* **WORK ITEM**: Exercise in exact copying: restate word for word only the lines below from the one containing "Speakermaker Sonos krijgt" through the one containing "Black Disney Minnie", omitting any pictures.

* **DATA EXTRACT**:
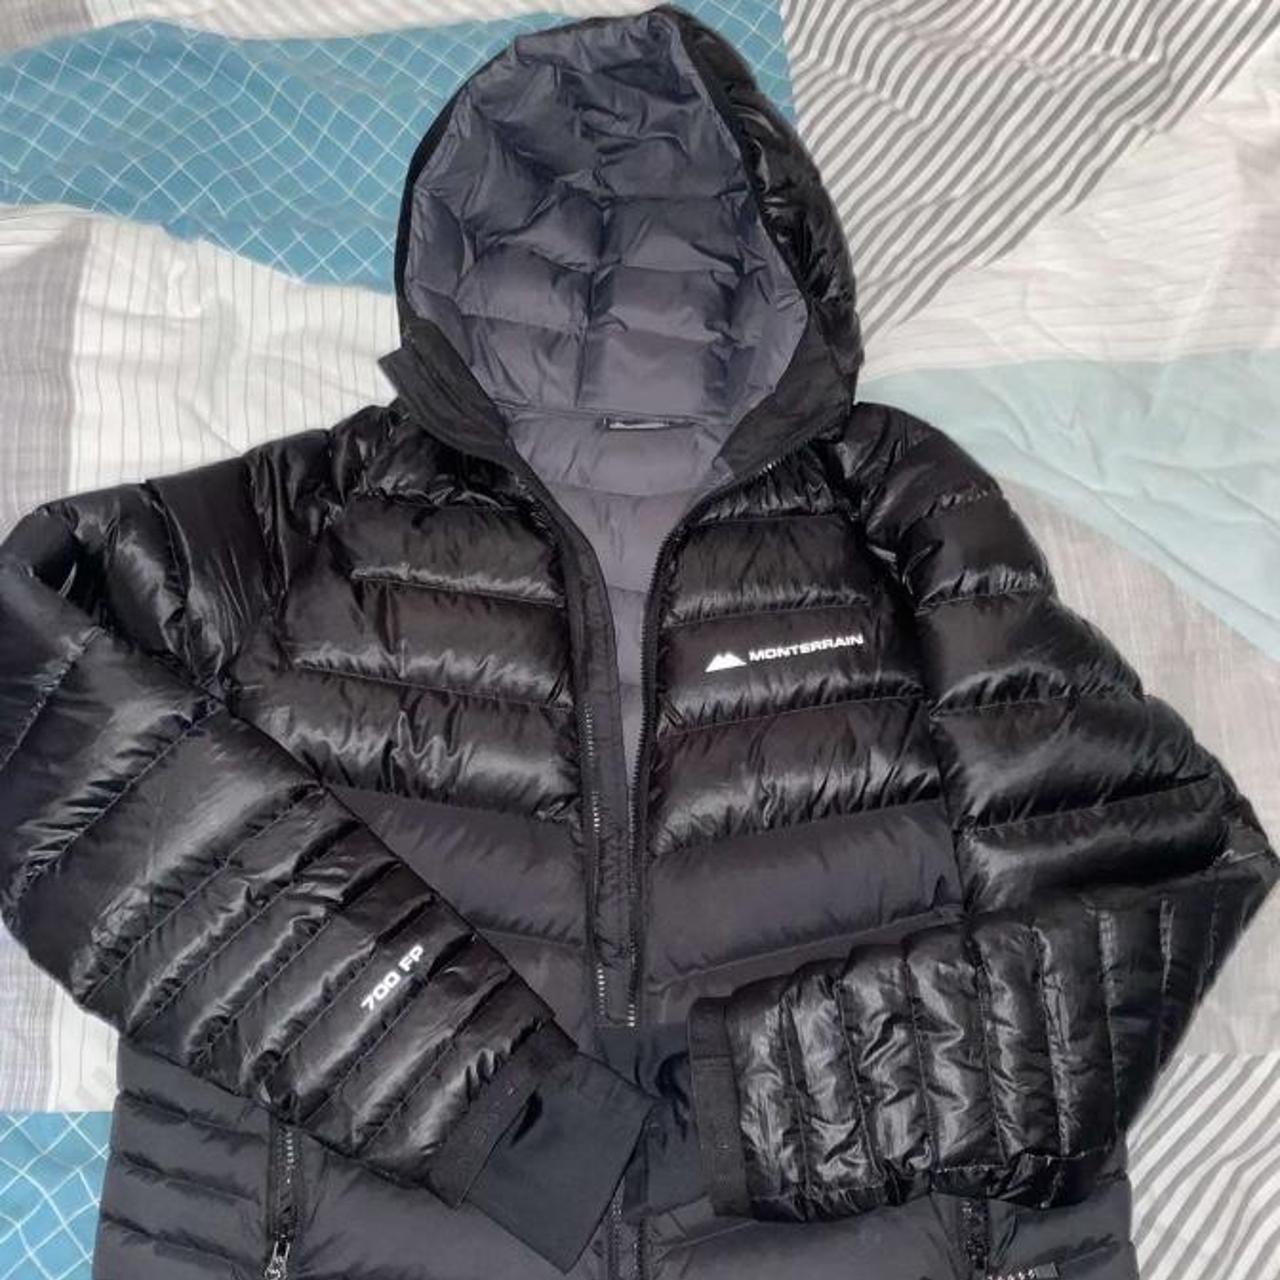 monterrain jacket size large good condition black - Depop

...

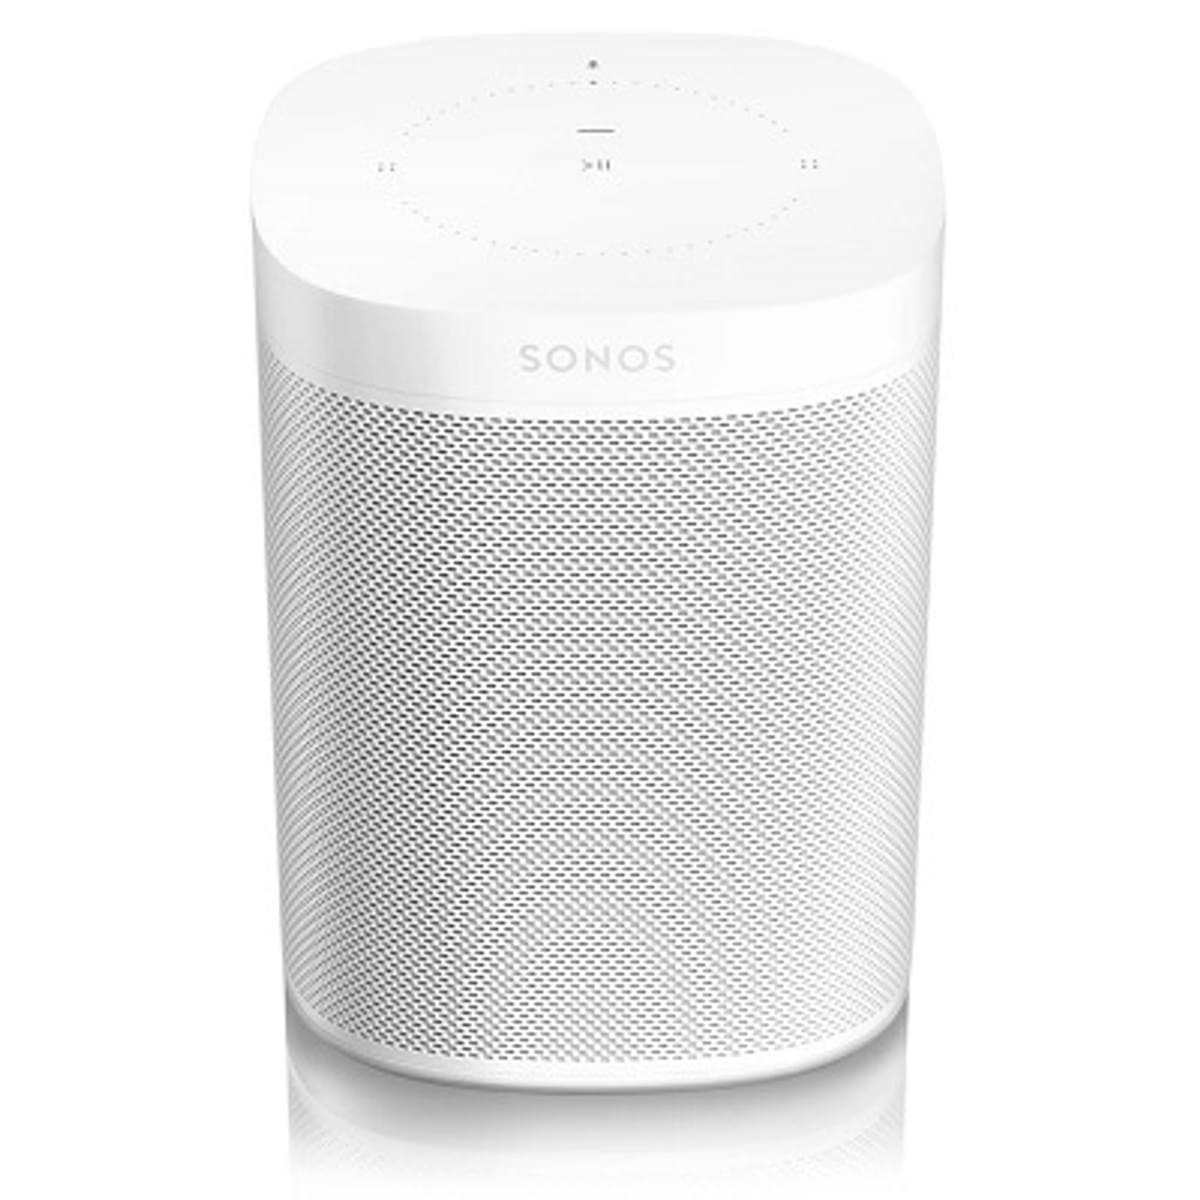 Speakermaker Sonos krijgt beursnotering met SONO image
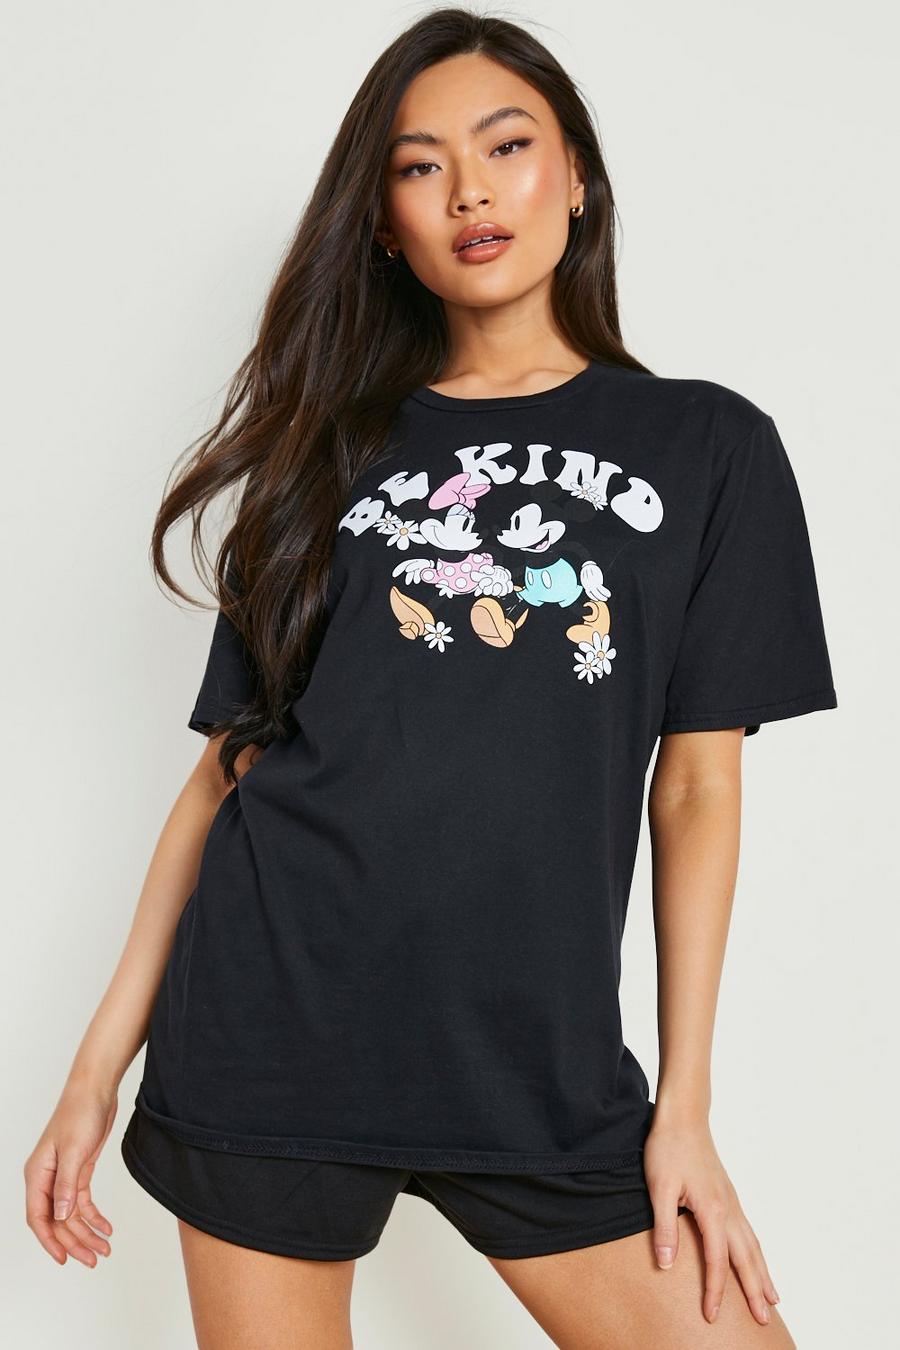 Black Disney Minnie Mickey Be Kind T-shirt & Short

* **TASK RESPONSE**:
 Speakermaker Sonos krijgt beursnotering met SONO image
 Black Disney Minnie Mickey Be Kind T-shirt & Short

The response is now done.